_THE PROBLEM_
Every entry must be set down exactly in the answer; no pictures should appear.

_GIVEN DATA_
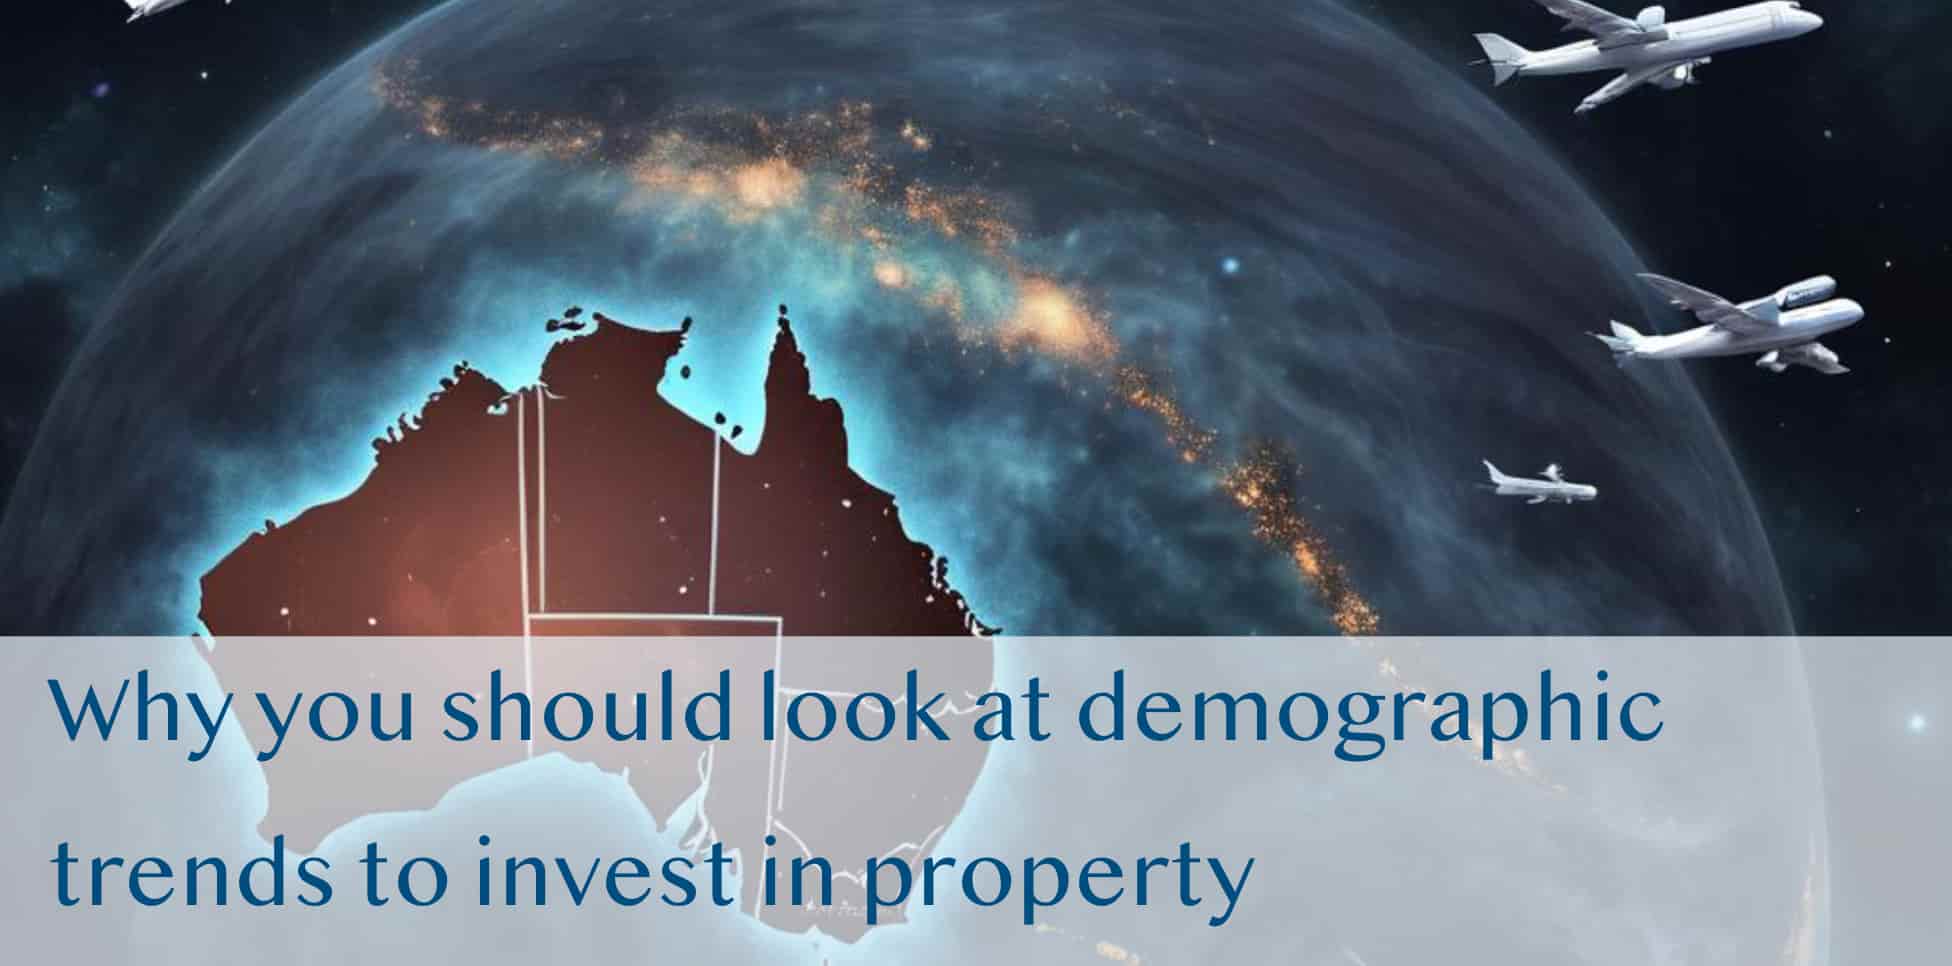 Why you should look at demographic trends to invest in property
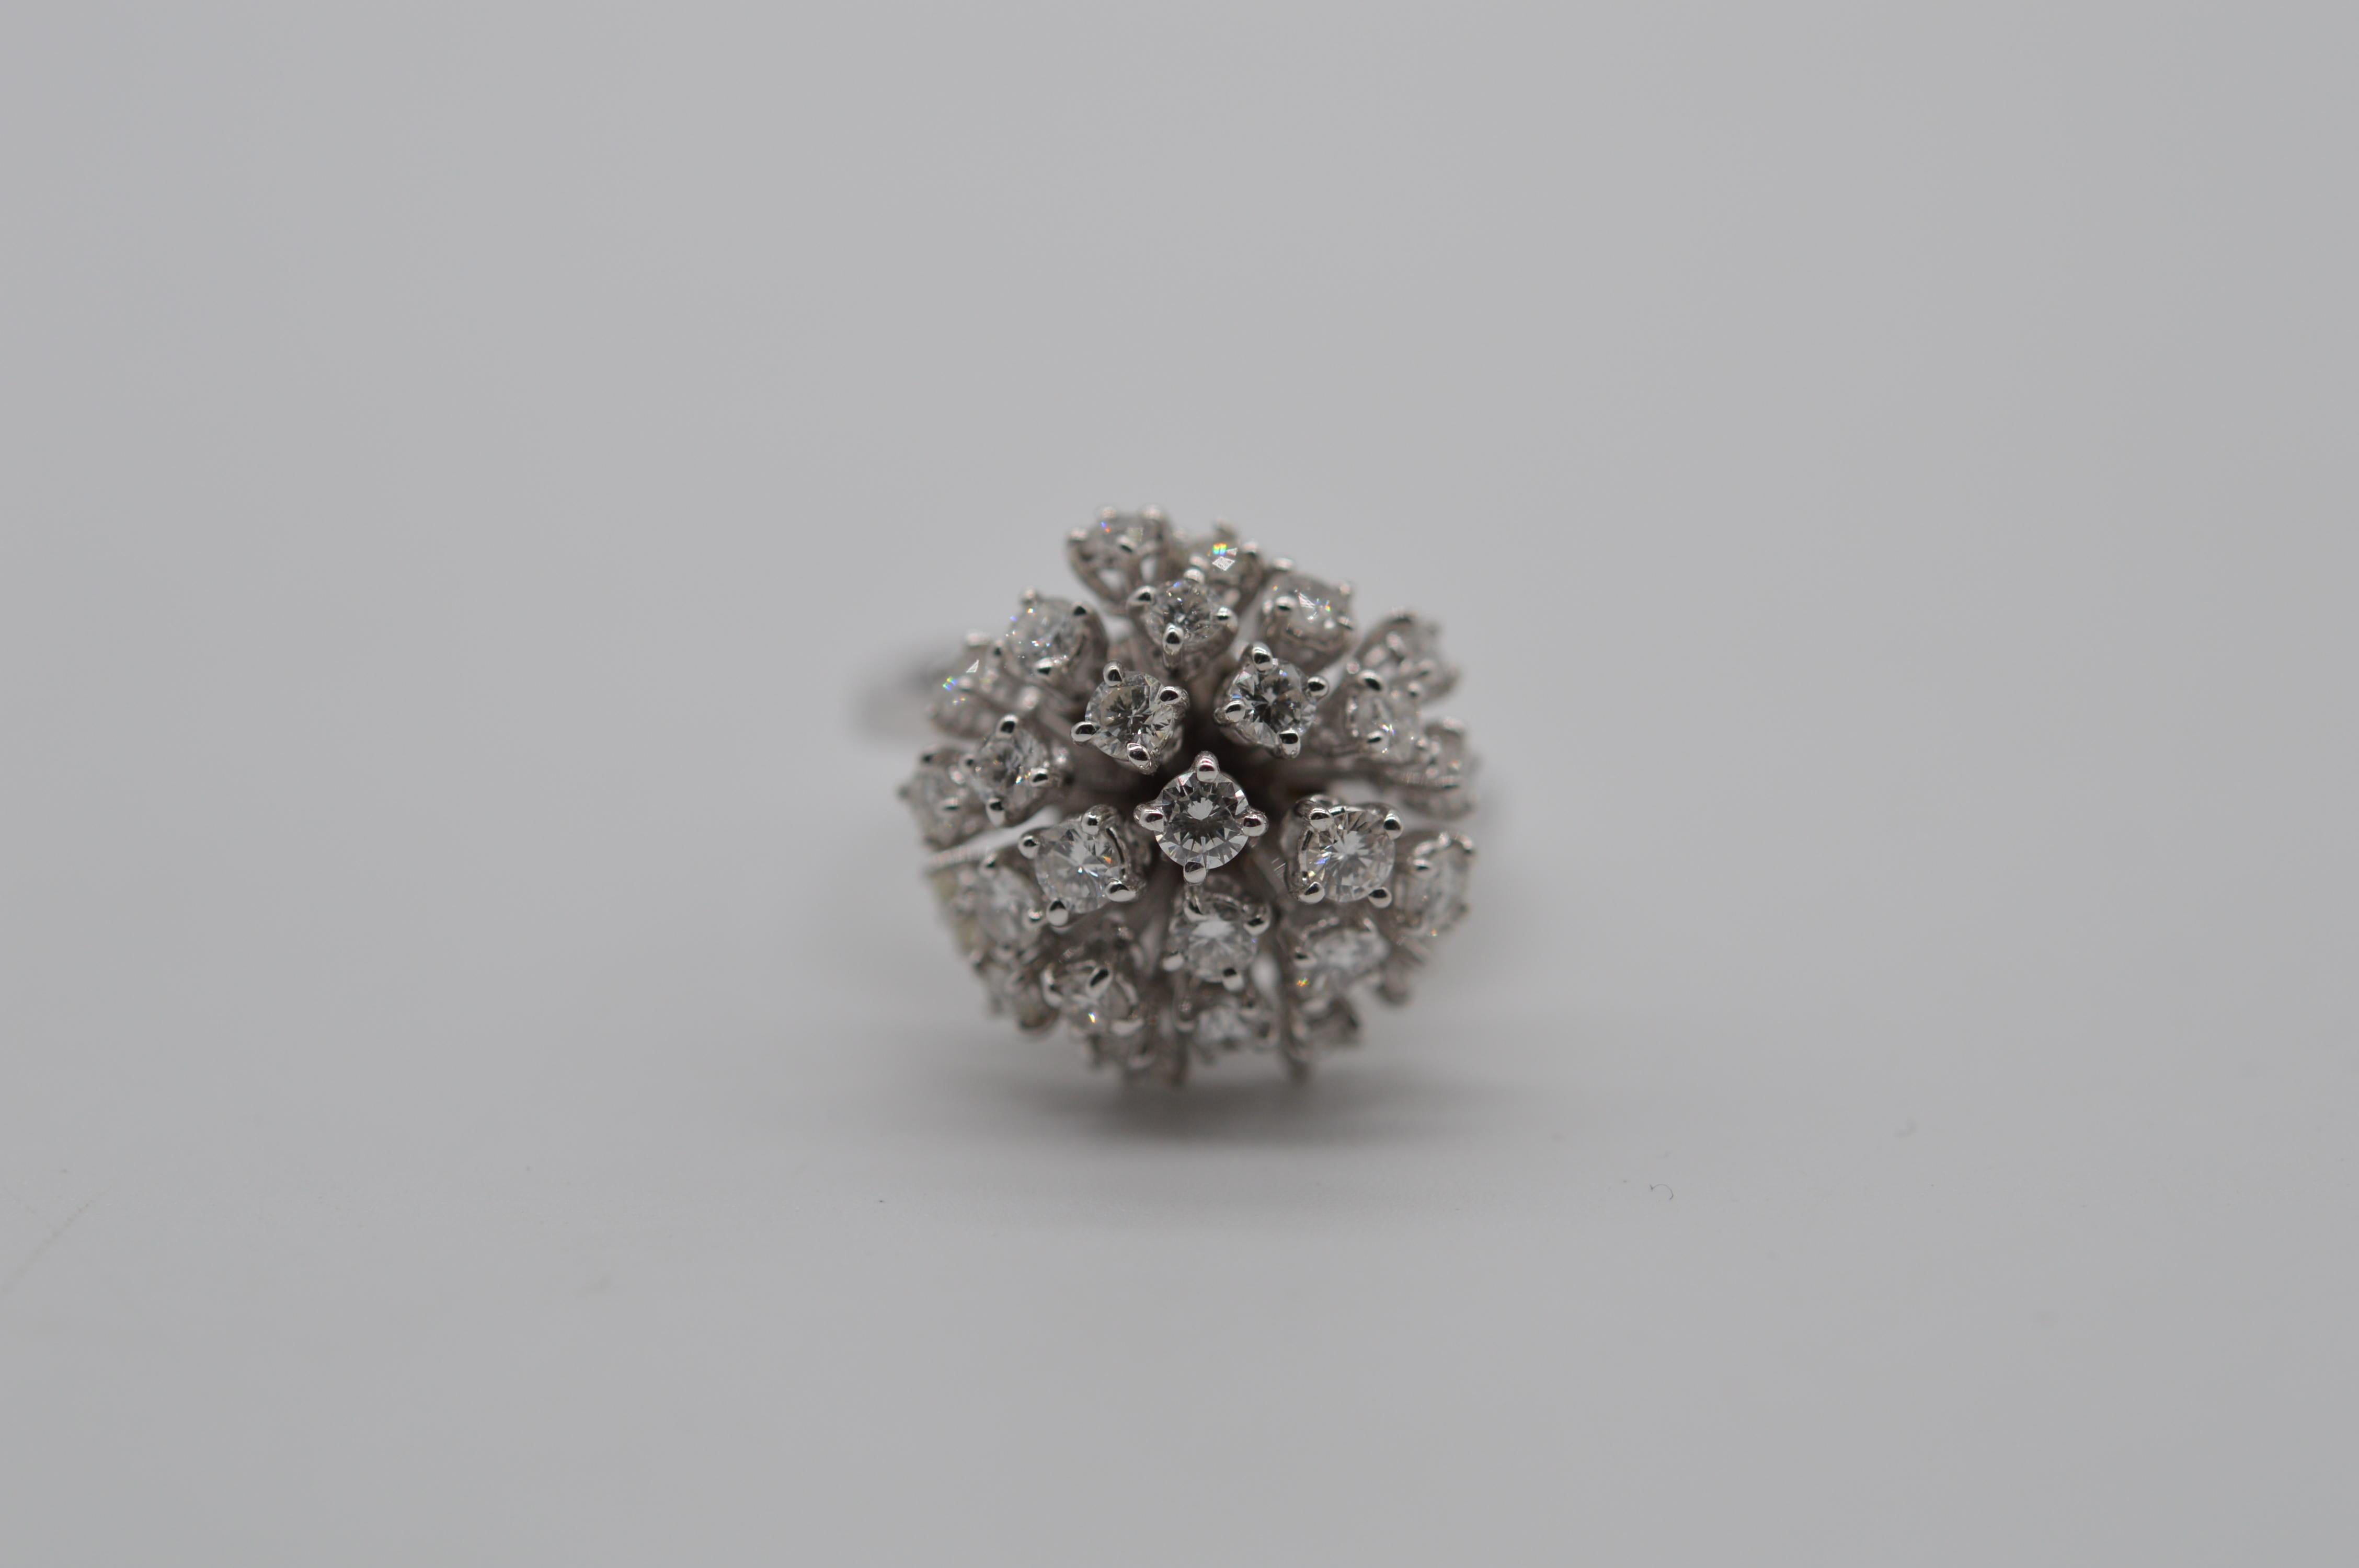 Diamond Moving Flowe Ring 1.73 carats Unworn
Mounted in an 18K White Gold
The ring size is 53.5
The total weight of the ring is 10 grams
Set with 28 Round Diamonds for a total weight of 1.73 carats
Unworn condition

_WRITTEN RESPONSE_
 Why you should look at demographic trends to invest in property
 Diamond Moving Flowe Ring 1.73 carats Unworn
Mounted in an 18K White Gold
The ring size is 53.5
The total weight of the ring is 10 grams
Set with 28 Round Diamonds for a total weight of 1.73 carats
Unworn condition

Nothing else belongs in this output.